Personal information
- Born: March 21, 1992 (age 34) Tomball, Texas, U.S.
- Listed height: 6 ft 2 in (1.88 m)
- Listed weight: 183 lb (83 kg)

Career information
- High school: Cy-Fair (Cypress, Texas)
- College: Stanford (2010–2014)
- WNBA draft: 2014: 1st round, 1st overall pick
- Drafted by: Connecticut Sun
- Playing career: 2014–present
- Position: Power forward

Career history
- 2014–2018: Connecticut Sun
- 2014–2015: Famila Schio
- 2016: Henan Phoenix
- 2019, 2021–2023: Los Angeles Sparks

Career highlights
- 2× WNBA All-Star (2014, 2018); WNBA Rookie of the Year (2014); WNBA All-Rookie Team (2014); Women's Basketball Academic All-American of the Year (2014); John R. Wooden Award (2014); 2× All-American USBWA (2013, 2014); 2× First-team All-American – AP (2013, 2014); Second-team All-American – AP (2012); 3× WBCA Coaches' All-American (2012–2014); 3× Pac-12 Defensive Player of the Year (2012–2014); 2× Pac-12 Player of the Year (2013, 2014); Pac-12 Tournament MOP (2013); 4× Pac-12 All-Defensive Team (2011–2014); 4× All-Pac 12 (2011–2014); Pac-12 All-Freshman Team (2011); Pac-12 Freshman of the Year (2011); Naismith Prep Player of the Year (2010); Morgan Wootten Player of the Year (2010); McDonald's All-American (2010); Gatorade Female Athlete of the Year (2010); Gatorade National Player of the Year (2010); MaxPreps National Player of the Year (2010); Texas Miss Basketball (2010);
- Stats at WNBA.com
- Stats at Basketball Reference

= Chiney Ogwumike =

Nigerian-American basketball player (born 1992)

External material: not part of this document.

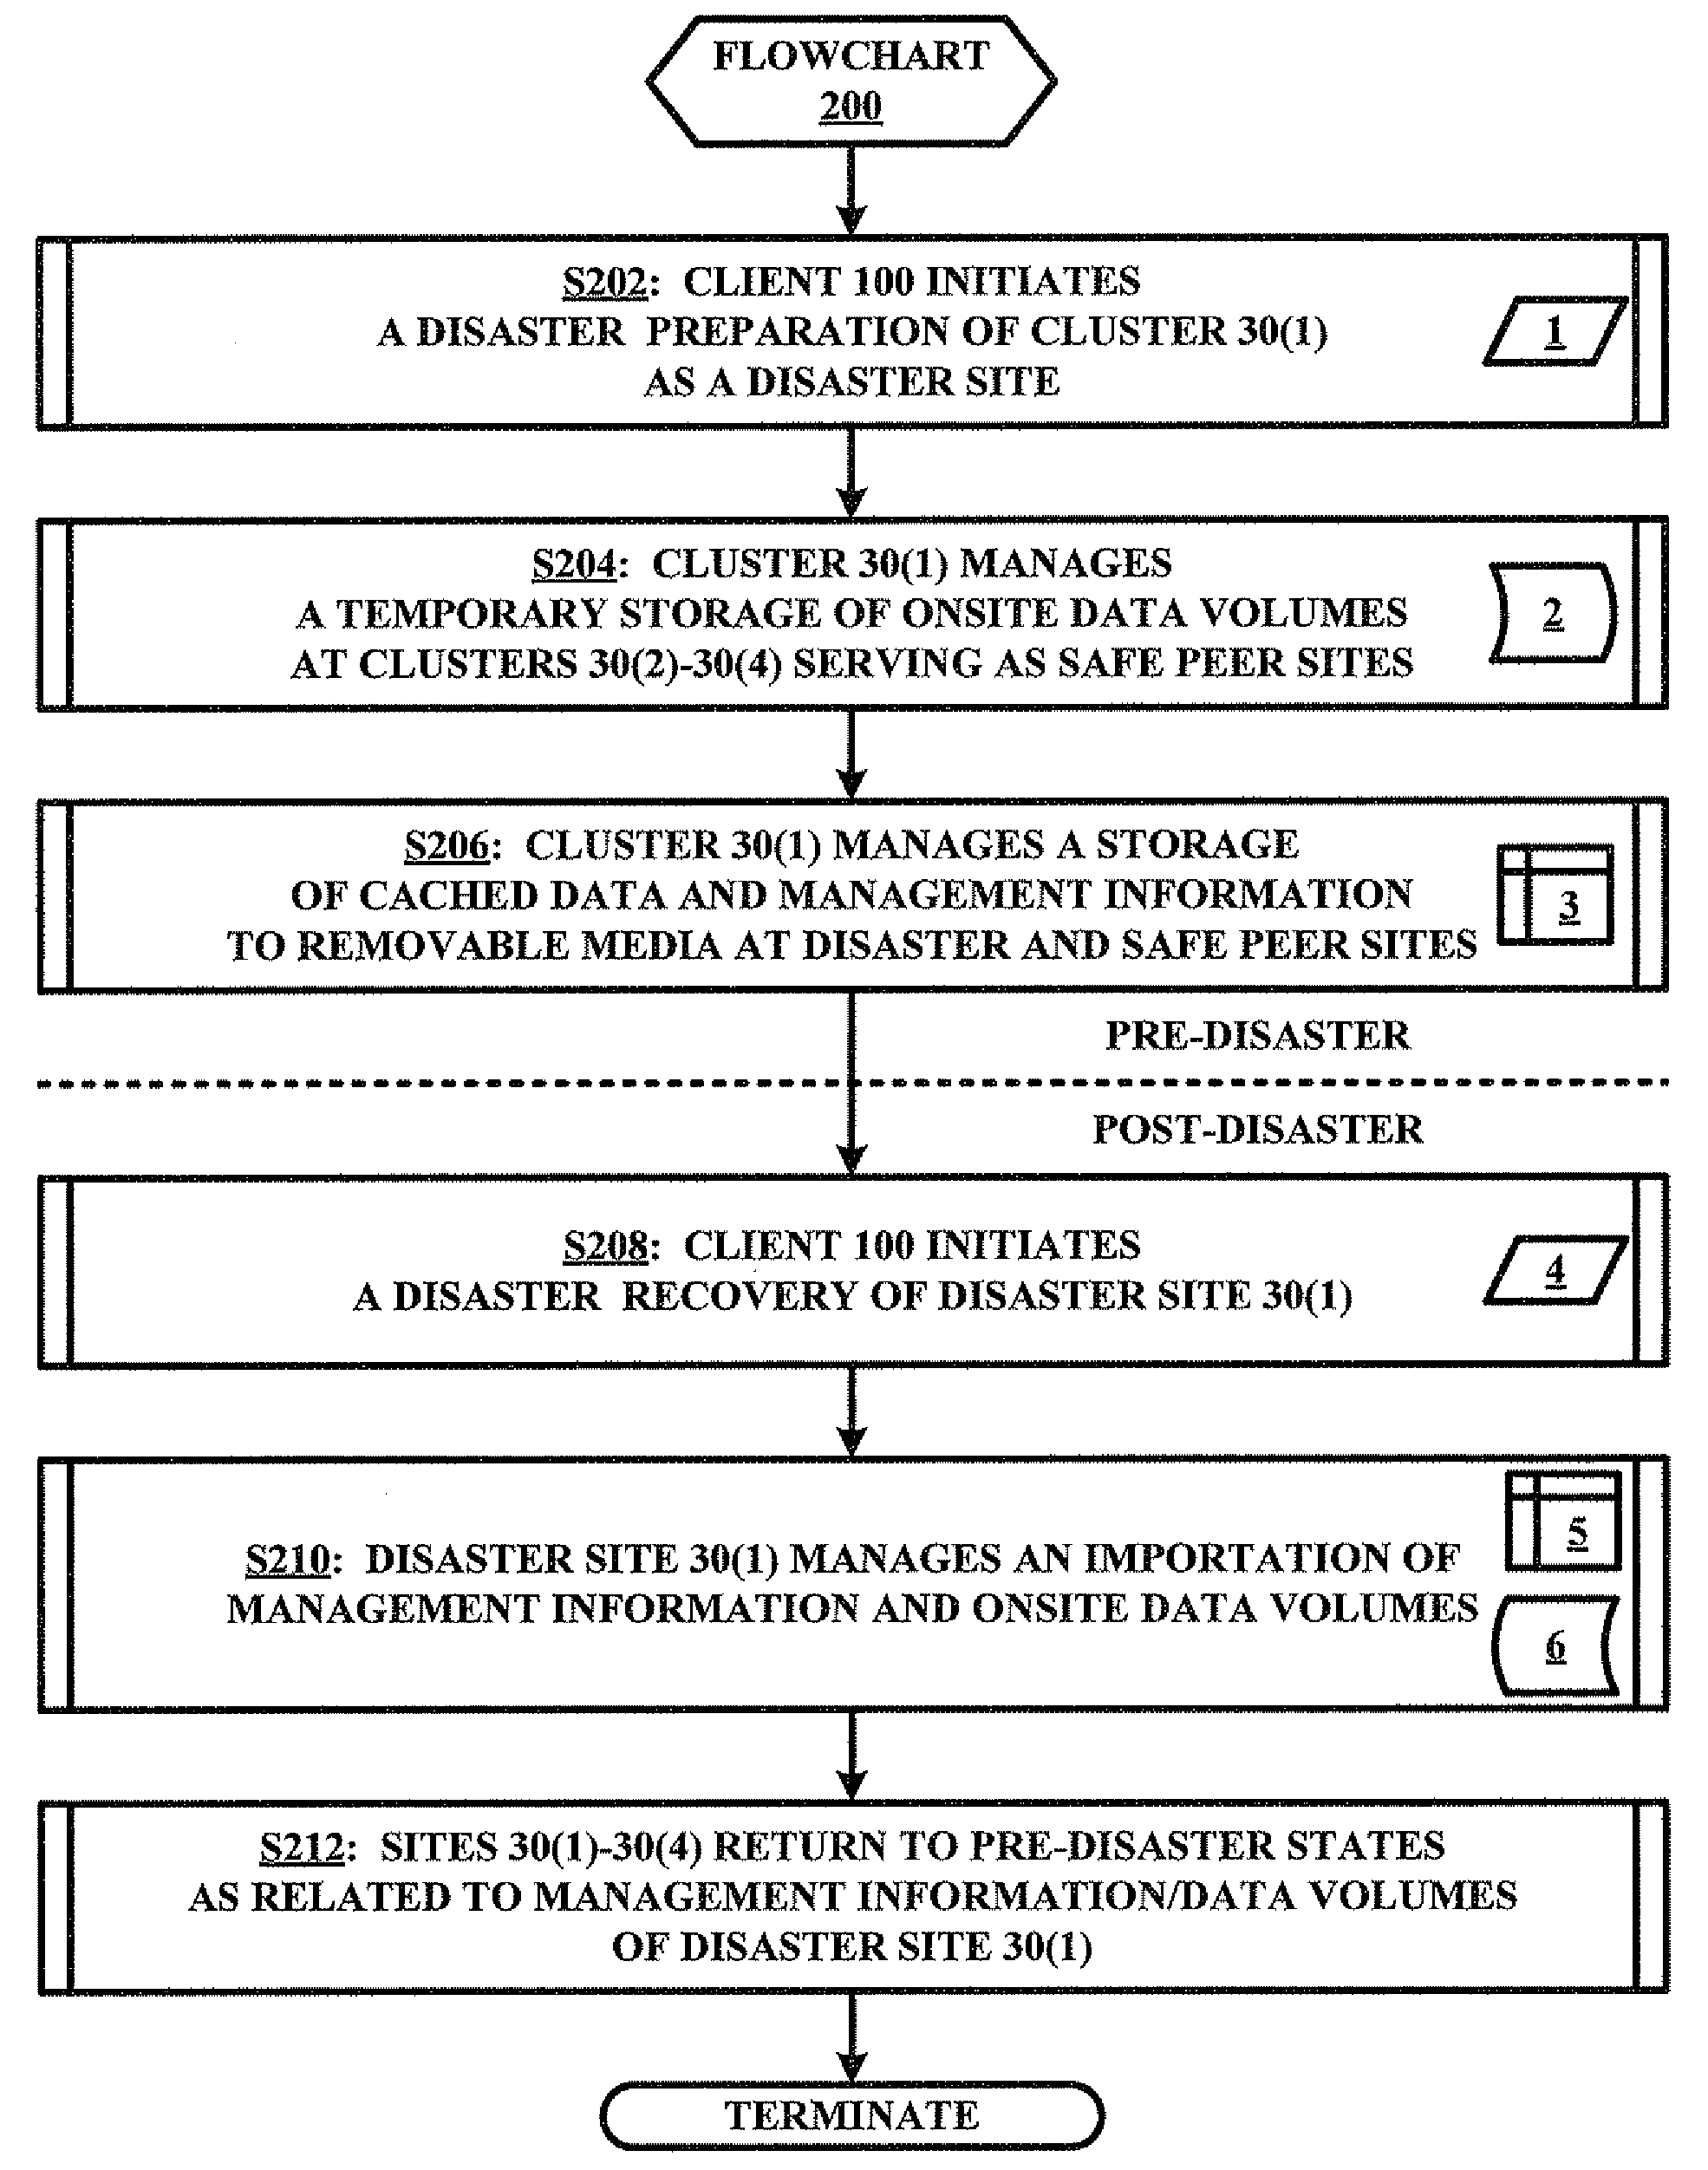 Method and System for Insuring Data Integrity in Anticipation of a Disaster

Chinenye Joy "Chiney" Ogwumike (born March 21, 1992) is an American professional basketball player who last played for the Los Angeles Sparks of the Women's National Basketball Association (WNBA). In 2020, she became the first black woman and the first WNBA player to host a national radio show for ESPN. She was one of the first and youngest commentators ever to be named an NBA analyst for the network covering the NBA, WNBA, and variety of sports, while simultaneously playing in the WNBA. Chiney is a graduate of Stanford University, where she majored in International relations. She played in three Final Fours and finished as the conference leader in scoring and rebounding as of January 3, 2014. As of 2016, Ogwumike was elected vice-president of the WNBA Players Association, and signed an endorsement deal with Adidas. In May 2018, Ogwumike signed a multi-year contract with ESPN to become a full-time basketball analyst.

== Early life ==
Born in Tomball, Texas, Ogwumike attended Cy-Fair High School in nearby Cypress, Texas, winning the 5A State Championship in her sophomore and senior seasons. Ogwumike was named a WBCA and McDonald's All-American. She participated in the 2010 WBCA High School All-America Game, where she scored 24 points, and earned MVP honors for the White team.

== College career ==
Ogwumike chose Stanford over Connecticut and Notre Dame, joining her sister Nneka Ogwumike.

Ogwumike ended her Stanford career in 2014 as the all-time career scoring leader for either sex in Pac-12 Conference history, a record that fell in 2016 to Kelsey Plum of Washington.

== Professional career ==
Ogwumike was drafted first overall in the 2014 WNBA draft by the Connecticut Sun. In her rookie season, Ogwumike became a starter, averaging a career-high 15.5 points per game and 7.5 rebounds per game. She was named a WNBA All-Star along with her sister Nneka Ogwumike, becoming the first pair of sisters to be selected into a WNBA All-Star game. Ogwumike would also win the WNBA Rookie of the Year Award in 2014.

After the WNBA season ended, Ogwumike signed with Italian club Famila Schio. In seven games for Famila Schio, she averaged 25.3 points and 13.1 rebounds per game, but then suffered a knee injury that required microfracture surgery and resulted in her missing the entire 2015 WNBA season.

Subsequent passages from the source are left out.